Here, we describe the current status of energy-saving techniques in greenhouse heating and countermeasures for high summer temperatures, and then introduce an outline and the performance of a newly developed New Root-zone Environmental Control System (N.RECS) and the effects of this system on flower production. Temperature control techniques used in protected horticulture include those that control the air temperature of the entire greenhouse space and those that control the local temperature of the plants. The running costs of the air temperature control techniques are expensive and the cooling capacity in the summer are inadequate for actual cultivation. Local temperature control techniques have relatively low running costs and can adequately cool plants during high temperature periods, but they are crop-specific and not versatile. Therefore, we developed a N.RECS that can heat and cool the root-zone of various plants with low running costs. N.RECS was produced by combining aluminum heat exchange panels, insulated pot trays and an air-source heat pump cold/hot water supply system. By using N.RECS, the root-zone temperature was maintained at 25°C when the air temperature was about 5°C during the winter and cooled to below 23°C when the air temperature was about 35°C during the summer. Root-zone heating of six potted flowers and cut flowers in the winter promoted growth and flowering and achieved energy savings of about 30% compared to conventional heating.

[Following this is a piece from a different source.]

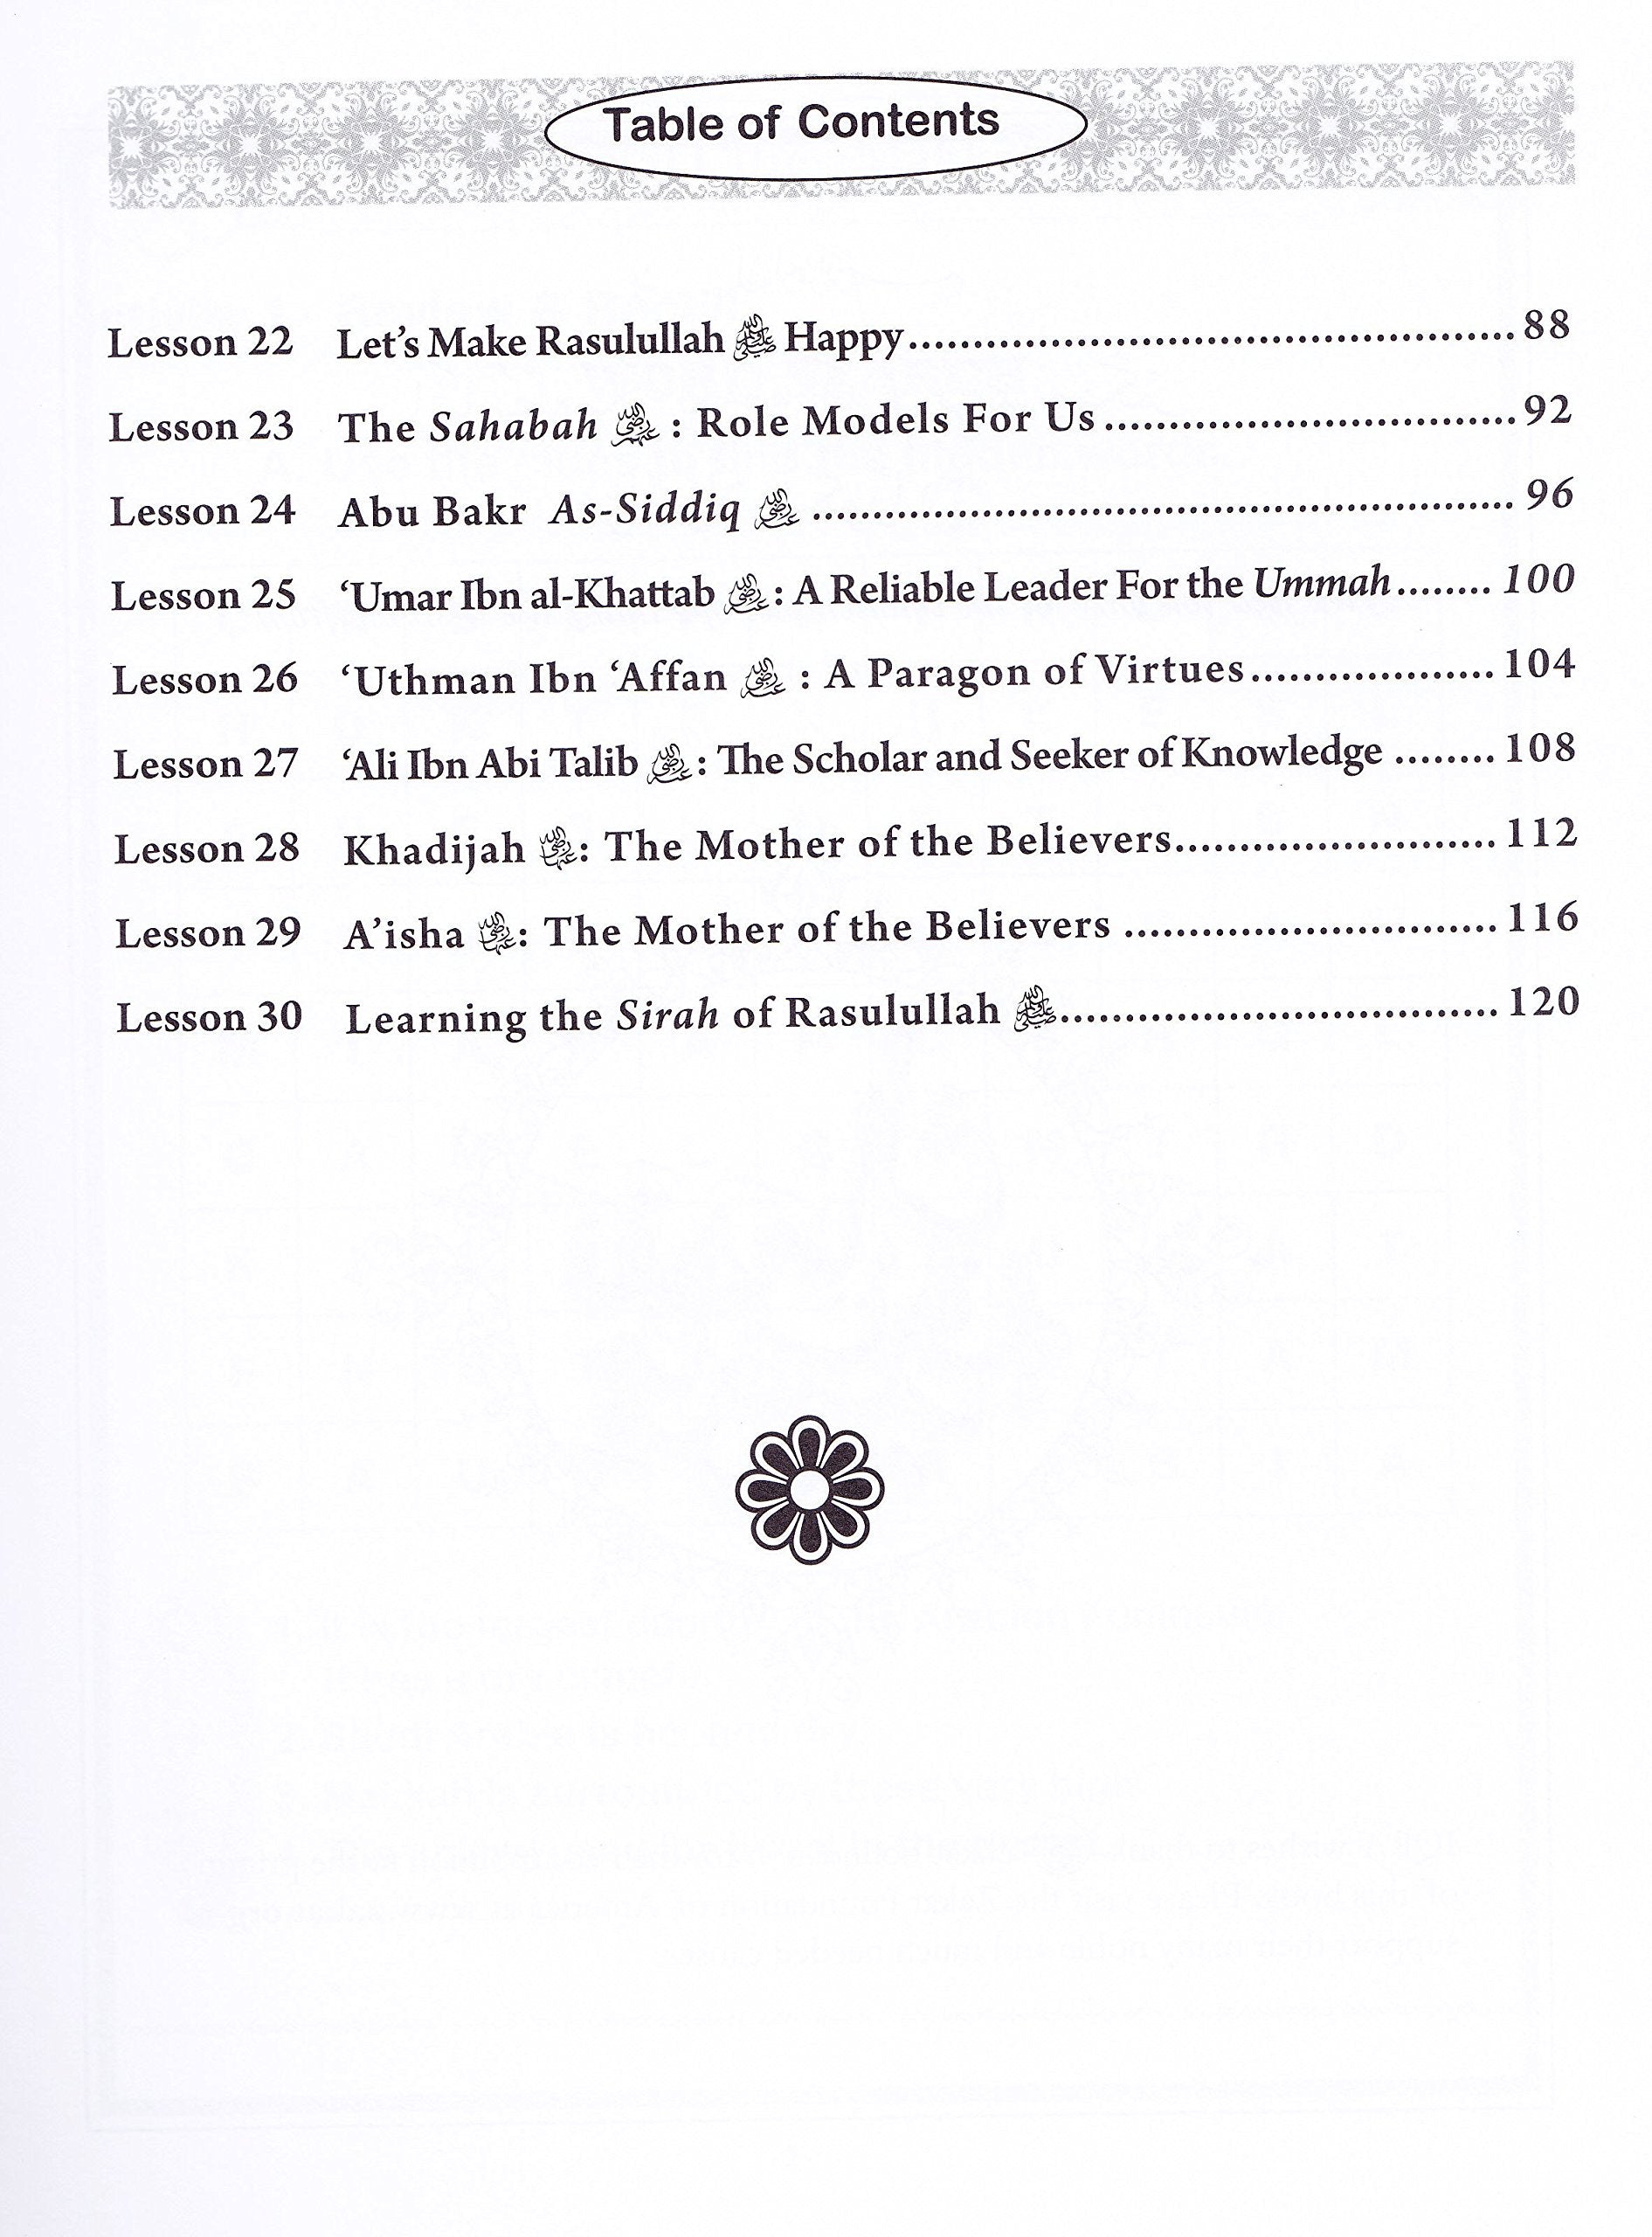 table of contents the prophet

When the two flower species, which are susceptible to high temperature, were grown under high temperature conditions, about half of the plants died, but root-zone cooling allowed all the plants to grow healthily. Therefore, it is concluded that N.RECS is a practical system that allows for both energy-saving cultivation in the winter and cooling cultivation in the summer. In addition, root-zone temperature is an environmental control parameter that should be controlled in future agricultural production; by applying root-zone temperature control as a standard technology for agricultural production, the growth of plants can be controlled more flexibly and more energy can be saved.

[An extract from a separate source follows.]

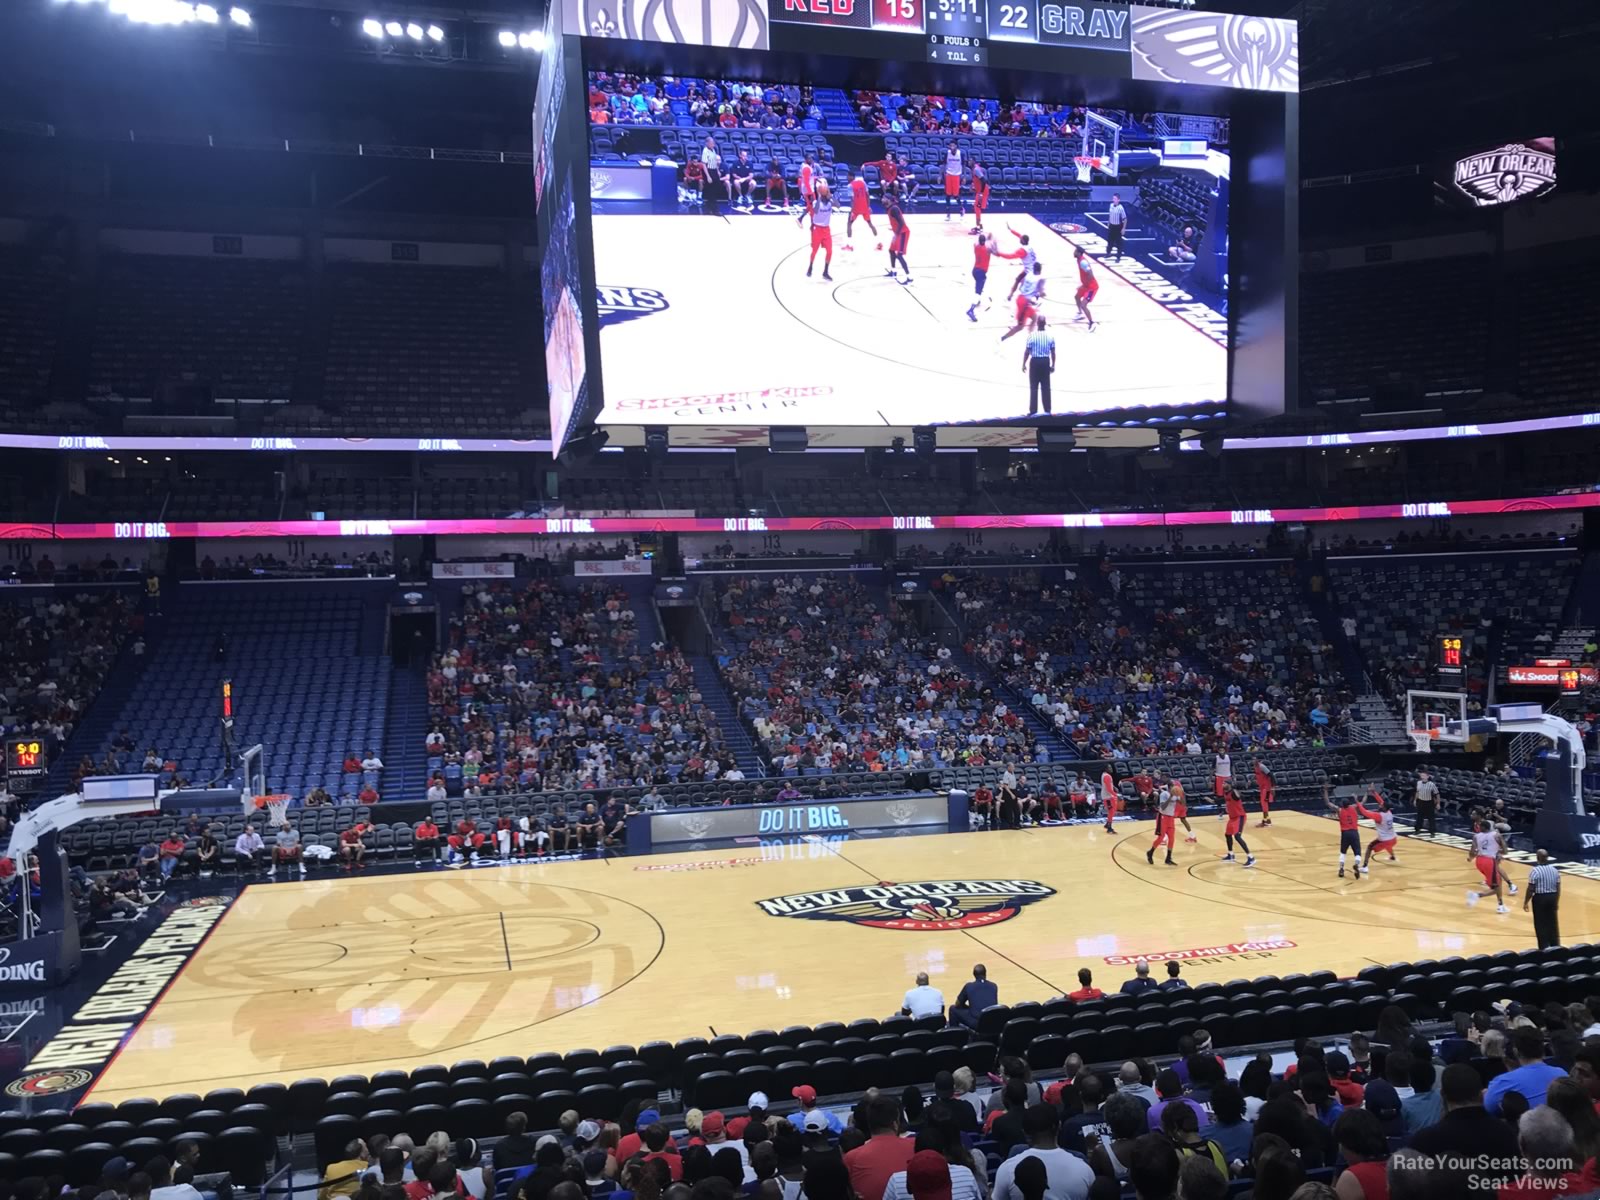 section 101, row 20 seat view  for basketball - smoothie king center

在这里，我们描述了温室供暖节能技术的现状和夏季高温对策，然后介绍了新开发的新根区环境控制系统（N.RECS）的概要和性能以及其效果。这个系统在花卉生产上。保护园艺中使用的温度控制技术包括控制整个温室空间的空气温度和控制植物局部温度的技术。空气温度控制技术的运行成本昂贵，并且夏季的冷却能力不足以用于实际栽培。局部温度控制技术的运行成本相对较低，可以在高温时期充分冷却植物，但它们是针对特定作物的，用途不广。所以，我们开发了一种 N.RECS，可以以低运行成本加热和冷却各种植物的根区。N.RECS 由铝制热交换板、隔热锅盘和空气源热泵冷/热水供应系统组合而成。通过使用N.RECS，根区温度在冬季5°C左右时保持在25°C，夏季在35°C左右时冷却到23°C以下。冬季对六种盆花和切花进行根区加热，促进生长开花，比传统加热节能30%左右。保温锅盘和空气源热泵冷/热水供应系统。通过使用N.RECS，根区温度在冬季5°C左右时保持在25°C，夏季在35°C左右时冷却到23°C以下。冬季对六种盆花和切花进行根区加热，促进生长开花，比传统加热节能30%左右。保温锅盘和空气源热泵冷/热水供应系统。通过使用N.RECS，根区温度在冬季5°C左右时保持在25°C，夏季在35°C左右时冷却到23°C以下。冬季对 6 种盆花和切花进行根区加热，促进生长和开花，比传统加热节能 30% 左右。

当这两种易受高温影响的花种在高温条件下生长时，约有一半的植物死亡，但根区冷却使所有植物都能健康生长。因此，可以得出结论，N.RECS 是一个实用的系统，既可以在冬季进行节能栽培，又可以在夏季进行降温栽培。此外，根区温度是未来农业生产中应控制的环境控制参数；通过应用根区温度控制作为农业生产的标准技术，可以更灵活地控制植物的生长，更节能。